ASIC to restrict sales of direct life insurance

ASIC has published the results of its review of direct life insurance to explore whether, and how, the way direct life insurance products are designed and sold contributes to poor consumer outcomes.

REP 587 The sale of direct life insurance summarises the findings and recommendations from ASIC’s review of the sale of direct life insurance products in Australia, including term life, accidental death, trauma, total and permanent disability (TPD) and income protection insurance.

The review covered 11 firms, including six insurers selling directly to consumers and three distributors selling on behalf of two insurers.

ASIC listened to more than 540 recorded sales calls and identified a failure by all firms to provide adequate information about important aspects of the cover, including key exclusions and future premium increases.

Four firms were also found to engage in pressure selling techniques, including refusing to send out paperwork unless a consumer committed to buying.

More than half the firms had incentive schemes which encourage sales staff to prioritise closing a sale ahead of the needs of the customer, including bonus payments heavily focused on value or volume of sales.

As a result, ASIC says it intends to restrict outbound sales of life and funeral insurance, in order to protect consumers.

ASIC also says that unless firms can demonstrate that accidental death insurance can meet consumer needs, it expects firms to stop selling this product.

While the review did not specifically look at consumer credit insurance (CCI) or funeral insurance, the findings and recommendations are also applicable to the direct sale of these products.
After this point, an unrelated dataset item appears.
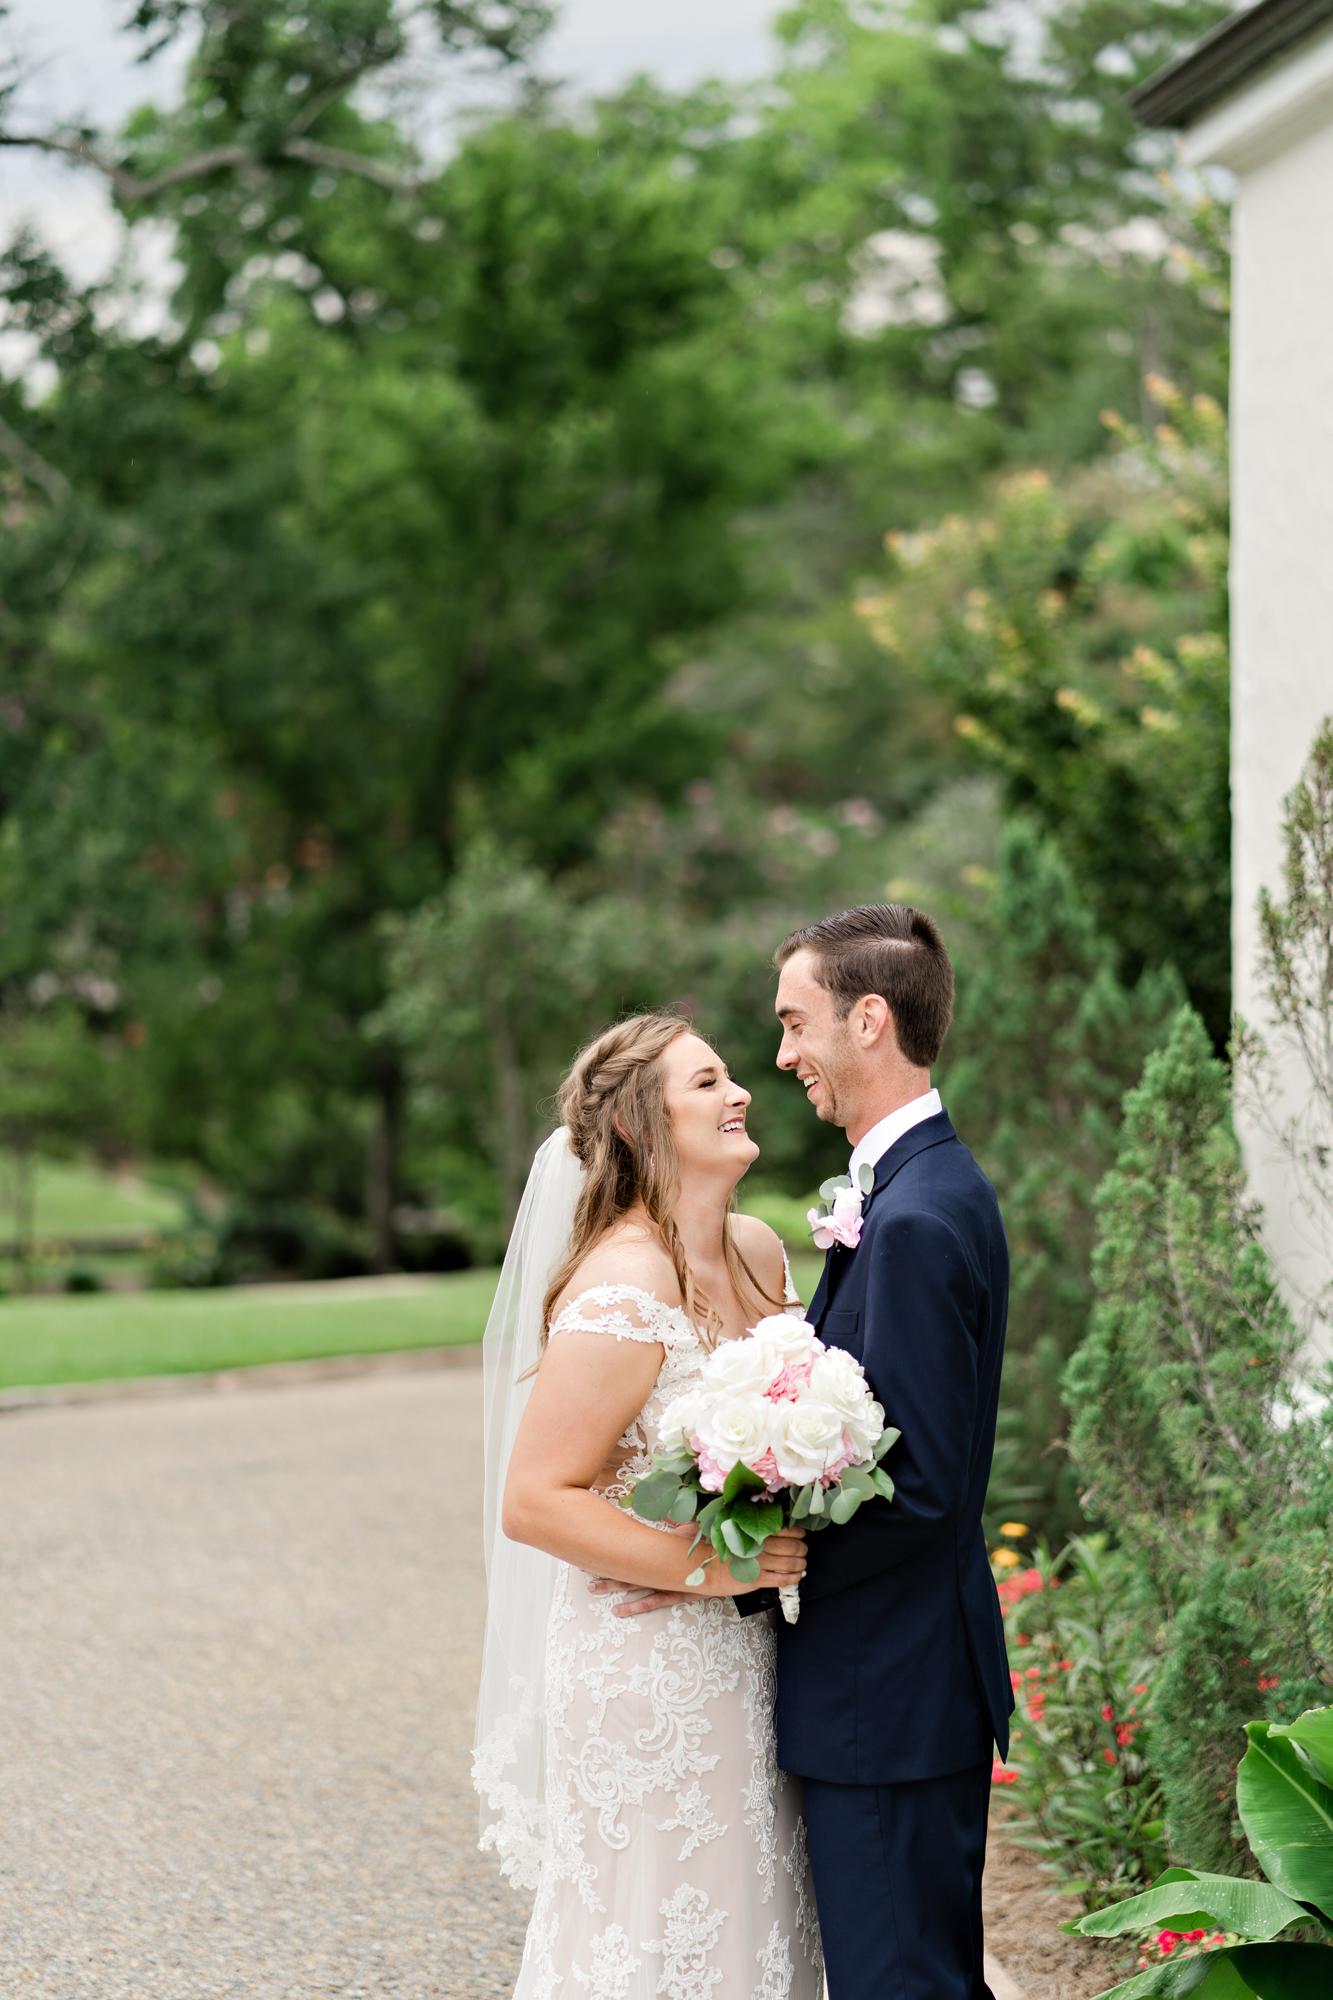 Alabama-Wedding-Photographer-Nick-Drollette-116.jpg

ASIC’s review reports that consumers are cancelling their policies in very high numbers:

  • one in five of all policies taken out were cancelled in the cooling off period;
  • one in four of all policies that remained in force beyond the cooling off period was cancelled within 12 months;
  • three in five of all policies sold were cancelled within three years.

Life insurance sold direct compares poorly with other channels when it comes to claims: 15% of claims are declined, with 27% of claims withdrawn.

ASIC has also released Report 588, consumer research conducted as part of this review, which found consumers struggle with the direct life insurance sales experience and the complexity of the products, and consumer understanding of key features is often poor.

ASIC says sales of accidental death insurance were particularly problematic, including where consumers were ‘downgraded’ to accidental death insurance after being rejected for comprehensive life insurance. Accidental death insurance only covers death due to some types of accidents, and offers little value to consumers, with a claims ratio of only 16.1% over the 2015-17 financial years.